Required work — From the line below that contains "Велосипедная обувь Giro Giro Stylus, белый" to the line that contains "بار سوختگی در", repeat every line exactly, both ends included, and nothing else.

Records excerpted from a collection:
■ ■ ■
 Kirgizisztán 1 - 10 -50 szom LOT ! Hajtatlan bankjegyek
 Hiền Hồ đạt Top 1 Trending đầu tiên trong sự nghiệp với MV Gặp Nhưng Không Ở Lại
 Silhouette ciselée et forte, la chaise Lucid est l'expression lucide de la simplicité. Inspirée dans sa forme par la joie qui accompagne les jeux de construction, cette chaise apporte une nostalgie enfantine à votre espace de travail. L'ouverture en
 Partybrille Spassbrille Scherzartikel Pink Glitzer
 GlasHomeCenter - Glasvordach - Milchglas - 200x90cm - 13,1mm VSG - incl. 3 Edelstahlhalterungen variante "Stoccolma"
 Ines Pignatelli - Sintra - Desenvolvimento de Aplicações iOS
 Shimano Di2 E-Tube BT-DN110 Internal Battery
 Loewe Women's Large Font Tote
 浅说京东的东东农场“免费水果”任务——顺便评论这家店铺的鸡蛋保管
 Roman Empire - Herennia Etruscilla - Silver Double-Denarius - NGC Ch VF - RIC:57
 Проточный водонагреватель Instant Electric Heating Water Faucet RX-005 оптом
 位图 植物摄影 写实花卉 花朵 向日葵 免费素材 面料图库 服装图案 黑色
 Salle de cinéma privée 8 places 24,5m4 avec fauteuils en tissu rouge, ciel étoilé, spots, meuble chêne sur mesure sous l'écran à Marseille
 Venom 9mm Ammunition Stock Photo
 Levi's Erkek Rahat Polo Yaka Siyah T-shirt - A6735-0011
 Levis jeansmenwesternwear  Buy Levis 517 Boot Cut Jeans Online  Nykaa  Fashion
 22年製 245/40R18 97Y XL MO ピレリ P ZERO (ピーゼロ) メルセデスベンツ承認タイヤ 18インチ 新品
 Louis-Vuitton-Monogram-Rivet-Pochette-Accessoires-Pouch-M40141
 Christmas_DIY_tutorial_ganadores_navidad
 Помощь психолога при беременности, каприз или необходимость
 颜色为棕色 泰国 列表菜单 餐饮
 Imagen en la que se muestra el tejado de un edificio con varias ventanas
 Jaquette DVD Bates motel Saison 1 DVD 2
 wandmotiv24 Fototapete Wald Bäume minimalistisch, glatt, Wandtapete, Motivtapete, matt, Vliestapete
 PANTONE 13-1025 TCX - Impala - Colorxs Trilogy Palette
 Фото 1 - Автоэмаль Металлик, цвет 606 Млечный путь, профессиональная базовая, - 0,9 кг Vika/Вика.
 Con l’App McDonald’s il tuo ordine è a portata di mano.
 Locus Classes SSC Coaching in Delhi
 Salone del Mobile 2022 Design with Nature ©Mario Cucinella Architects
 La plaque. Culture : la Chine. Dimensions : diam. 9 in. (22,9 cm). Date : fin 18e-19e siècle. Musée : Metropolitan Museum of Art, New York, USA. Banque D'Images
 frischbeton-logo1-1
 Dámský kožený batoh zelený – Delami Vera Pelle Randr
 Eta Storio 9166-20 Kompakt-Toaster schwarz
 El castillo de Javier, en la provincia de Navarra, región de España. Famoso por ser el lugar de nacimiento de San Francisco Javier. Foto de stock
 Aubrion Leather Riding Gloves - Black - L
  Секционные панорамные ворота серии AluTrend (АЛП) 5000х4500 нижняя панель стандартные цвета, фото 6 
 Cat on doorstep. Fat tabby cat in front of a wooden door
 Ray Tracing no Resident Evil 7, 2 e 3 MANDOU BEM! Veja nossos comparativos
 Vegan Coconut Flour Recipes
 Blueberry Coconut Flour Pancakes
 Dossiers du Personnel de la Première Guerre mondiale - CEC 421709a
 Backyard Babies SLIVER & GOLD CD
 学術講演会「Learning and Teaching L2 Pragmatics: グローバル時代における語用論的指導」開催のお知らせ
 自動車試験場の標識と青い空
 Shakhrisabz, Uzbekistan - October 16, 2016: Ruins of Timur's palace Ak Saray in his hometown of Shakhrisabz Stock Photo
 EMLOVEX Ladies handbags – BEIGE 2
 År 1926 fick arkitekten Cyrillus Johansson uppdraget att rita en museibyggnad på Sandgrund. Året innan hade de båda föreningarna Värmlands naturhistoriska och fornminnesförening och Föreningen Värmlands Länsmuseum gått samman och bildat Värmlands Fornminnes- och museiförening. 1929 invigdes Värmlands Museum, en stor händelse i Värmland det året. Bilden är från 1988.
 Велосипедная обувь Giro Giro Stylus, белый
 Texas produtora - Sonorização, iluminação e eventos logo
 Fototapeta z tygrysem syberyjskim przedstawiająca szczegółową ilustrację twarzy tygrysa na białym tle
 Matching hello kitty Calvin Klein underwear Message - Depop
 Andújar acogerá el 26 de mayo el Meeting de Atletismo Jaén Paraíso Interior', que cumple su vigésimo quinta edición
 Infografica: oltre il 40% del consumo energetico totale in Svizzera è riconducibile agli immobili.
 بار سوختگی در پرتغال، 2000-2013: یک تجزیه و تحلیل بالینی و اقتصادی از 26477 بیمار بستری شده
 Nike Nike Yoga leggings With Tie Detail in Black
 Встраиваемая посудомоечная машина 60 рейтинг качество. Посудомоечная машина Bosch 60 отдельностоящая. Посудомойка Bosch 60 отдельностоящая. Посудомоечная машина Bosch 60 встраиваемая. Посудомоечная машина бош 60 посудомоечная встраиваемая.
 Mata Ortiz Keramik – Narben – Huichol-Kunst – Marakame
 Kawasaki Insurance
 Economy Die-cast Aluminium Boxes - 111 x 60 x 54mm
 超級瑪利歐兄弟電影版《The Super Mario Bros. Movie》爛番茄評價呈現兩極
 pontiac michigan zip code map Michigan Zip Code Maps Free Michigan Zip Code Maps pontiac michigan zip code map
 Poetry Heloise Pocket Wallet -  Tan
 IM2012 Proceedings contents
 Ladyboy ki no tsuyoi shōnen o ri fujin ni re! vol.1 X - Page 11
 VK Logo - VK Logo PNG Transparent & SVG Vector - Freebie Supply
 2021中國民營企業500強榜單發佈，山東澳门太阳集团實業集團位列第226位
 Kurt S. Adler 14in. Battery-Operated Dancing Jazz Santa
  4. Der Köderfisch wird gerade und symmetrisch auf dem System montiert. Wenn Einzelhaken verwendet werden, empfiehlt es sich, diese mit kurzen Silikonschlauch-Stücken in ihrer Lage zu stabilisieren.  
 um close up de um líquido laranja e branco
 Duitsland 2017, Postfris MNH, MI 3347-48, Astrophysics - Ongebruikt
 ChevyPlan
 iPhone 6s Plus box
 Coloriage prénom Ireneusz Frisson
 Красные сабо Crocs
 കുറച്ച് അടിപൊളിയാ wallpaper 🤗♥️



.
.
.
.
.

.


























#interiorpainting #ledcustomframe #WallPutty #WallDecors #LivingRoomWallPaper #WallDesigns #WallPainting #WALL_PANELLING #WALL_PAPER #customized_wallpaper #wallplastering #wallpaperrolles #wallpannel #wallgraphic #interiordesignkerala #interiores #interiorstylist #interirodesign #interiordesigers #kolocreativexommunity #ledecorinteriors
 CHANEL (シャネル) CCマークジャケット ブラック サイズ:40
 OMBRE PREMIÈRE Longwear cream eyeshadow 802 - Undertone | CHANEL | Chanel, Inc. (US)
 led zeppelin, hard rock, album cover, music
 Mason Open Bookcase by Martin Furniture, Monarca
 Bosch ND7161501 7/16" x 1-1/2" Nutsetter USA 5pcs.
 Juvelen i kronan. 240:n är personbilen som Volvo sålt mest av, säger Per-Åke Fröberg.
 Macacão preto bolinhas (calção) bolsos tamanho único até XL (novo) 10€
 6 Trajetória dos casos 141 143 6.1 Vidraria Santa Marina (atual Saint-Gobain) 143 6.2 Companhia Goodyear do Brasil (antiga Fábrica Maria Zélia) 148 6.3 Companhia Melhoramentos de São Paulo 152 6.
■ ■ ■
Exercise solution —
 Велосипедная обувь Giro Giro Stylus, белый
 Texas produtora - Sonorização, iluminação e eventos logo
 Fototapeta z tygrysem syberyjskim przedstawiająca szczegółową ilustrację twarzy tygrysa na białym tle
 Matching hello kitty Calvin Klein underwear Message - Depop
 Andújar acogerá el 26 de mayo el Meeting de Atletismo Jaén Paraíso Interior', que cumple su vigésimo quinta edición
 Infografica: oltre il 40% del consumo energetico totale in Svizzera è riconducibile agli immobili.
 بار سوختگی در پرتغال، 2000-2013: یک تجزیه و تحلیل بالینی و اقتصادی از 26477 بیمار بستری شده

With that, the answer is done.